_Source material:_

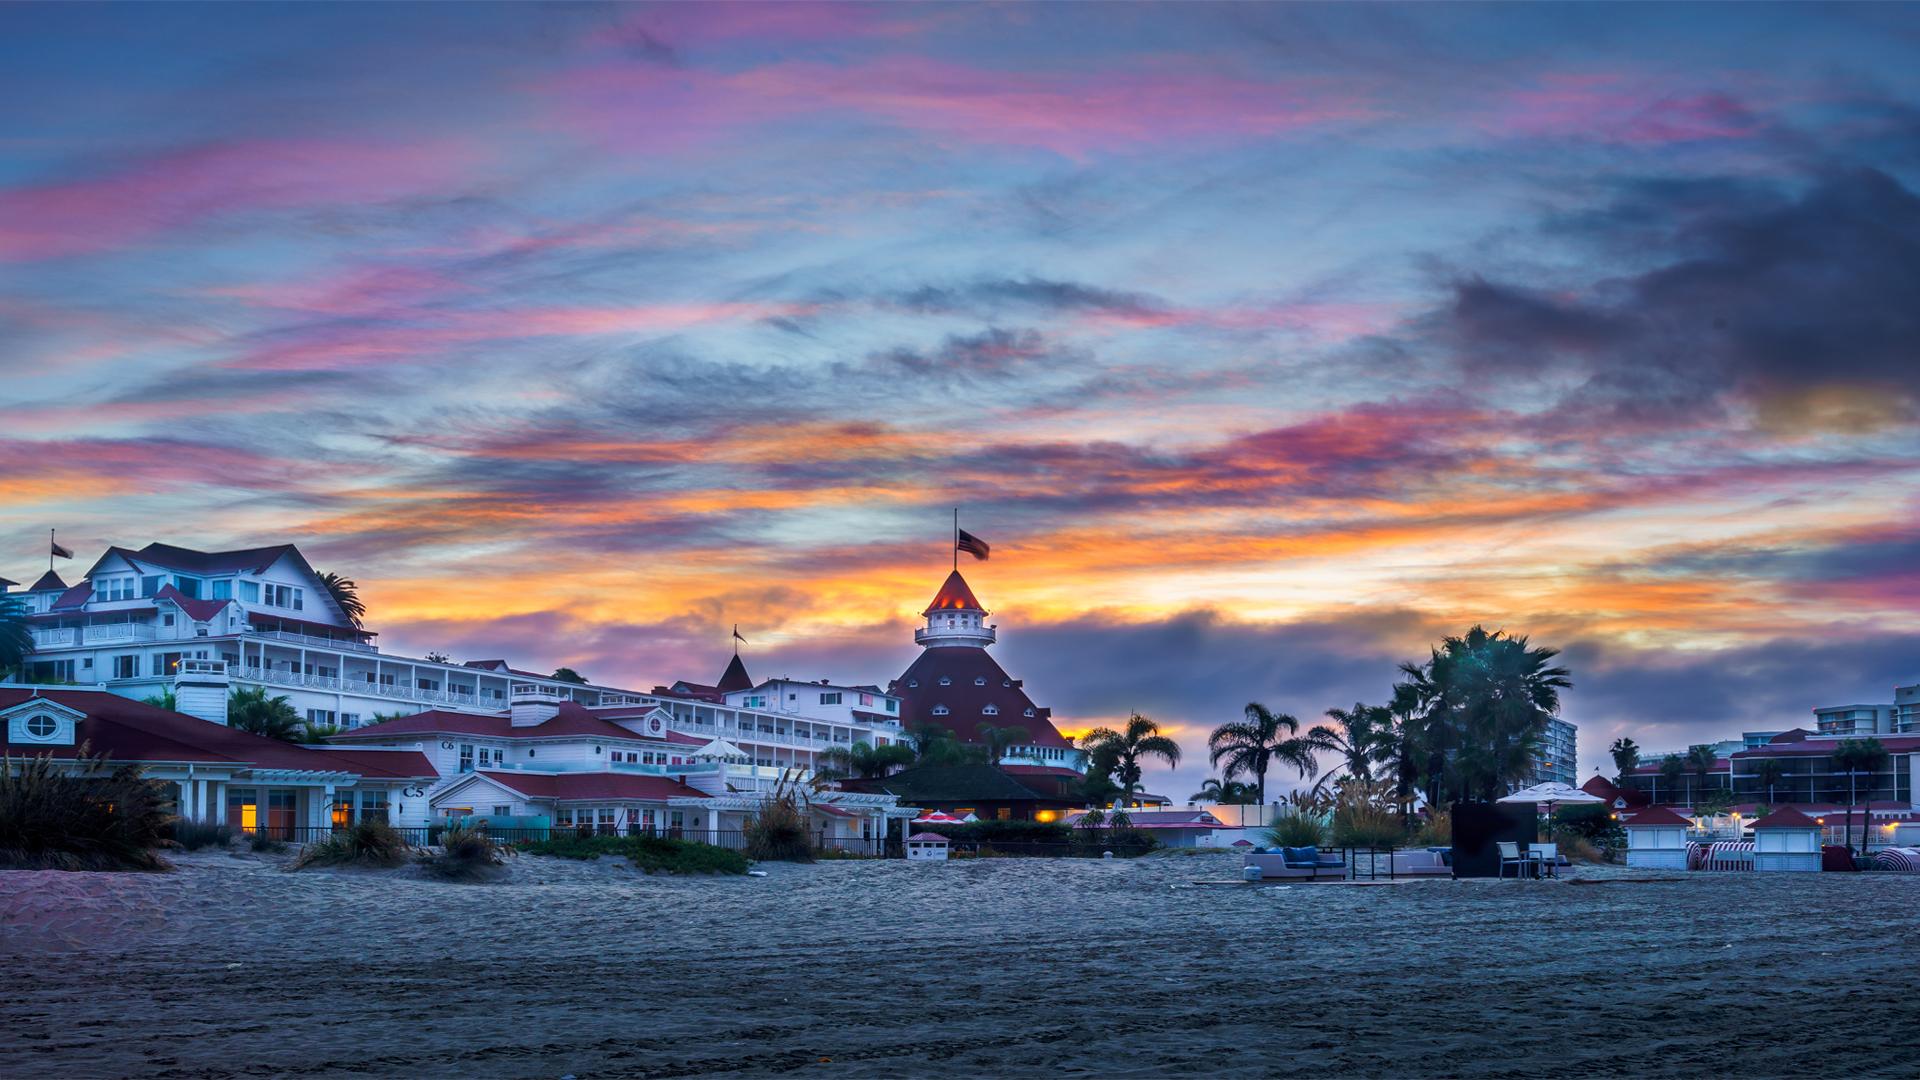 Sunrise Hotel Del4 2016
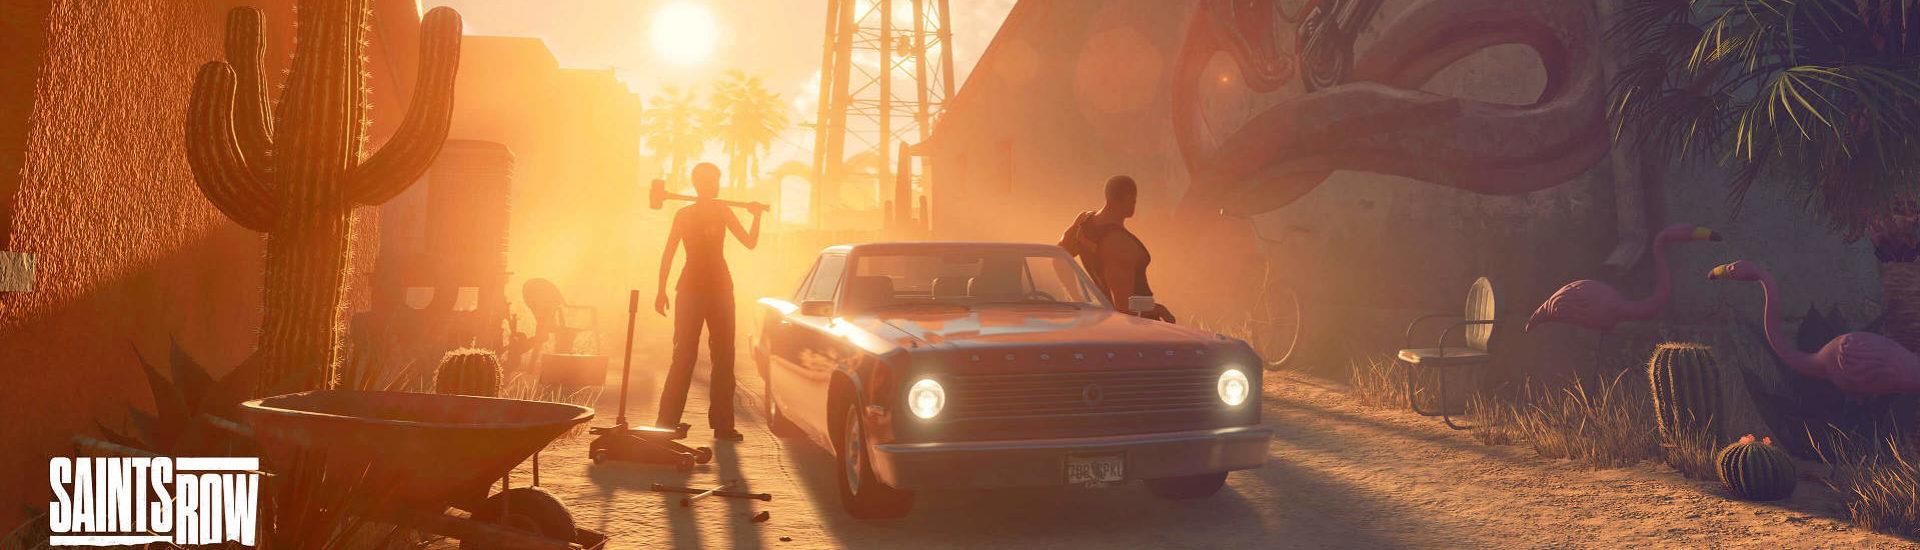 Saints Row: Trailer zeigt riesige Welt
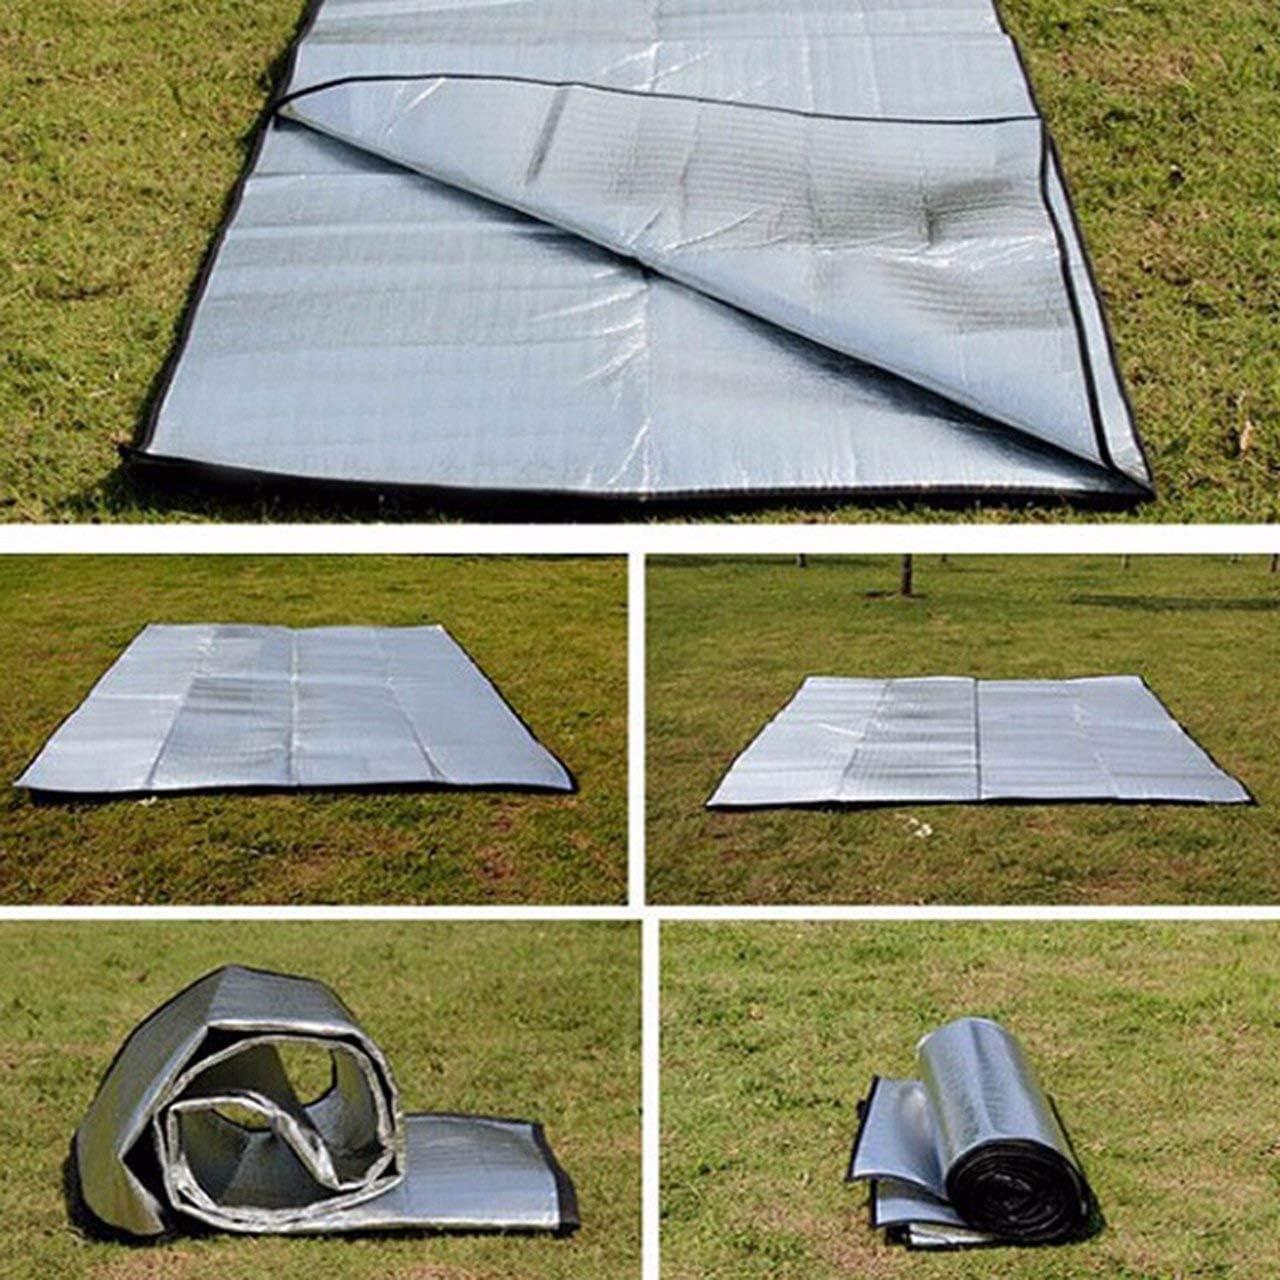 silver Double Sided Foldable Waterproof Aluminum Foil Mat Outdoor Travel Beach Mat Sleeping Mattress for Camping Hiking Jasnyfall

_To do:_ Every line of the listing should be copied precisely, with images omitted.

_Task response:_
 Sunrise Hotel Del4 2016
 Saints Row: Trailer zeigt riesige Welt
 silver Double Sided Foldable Waterproof Aluminum Foil Mat Outdoor Travel Beach Mat Sleeping Mattress for Camping Hiking Jasnyfall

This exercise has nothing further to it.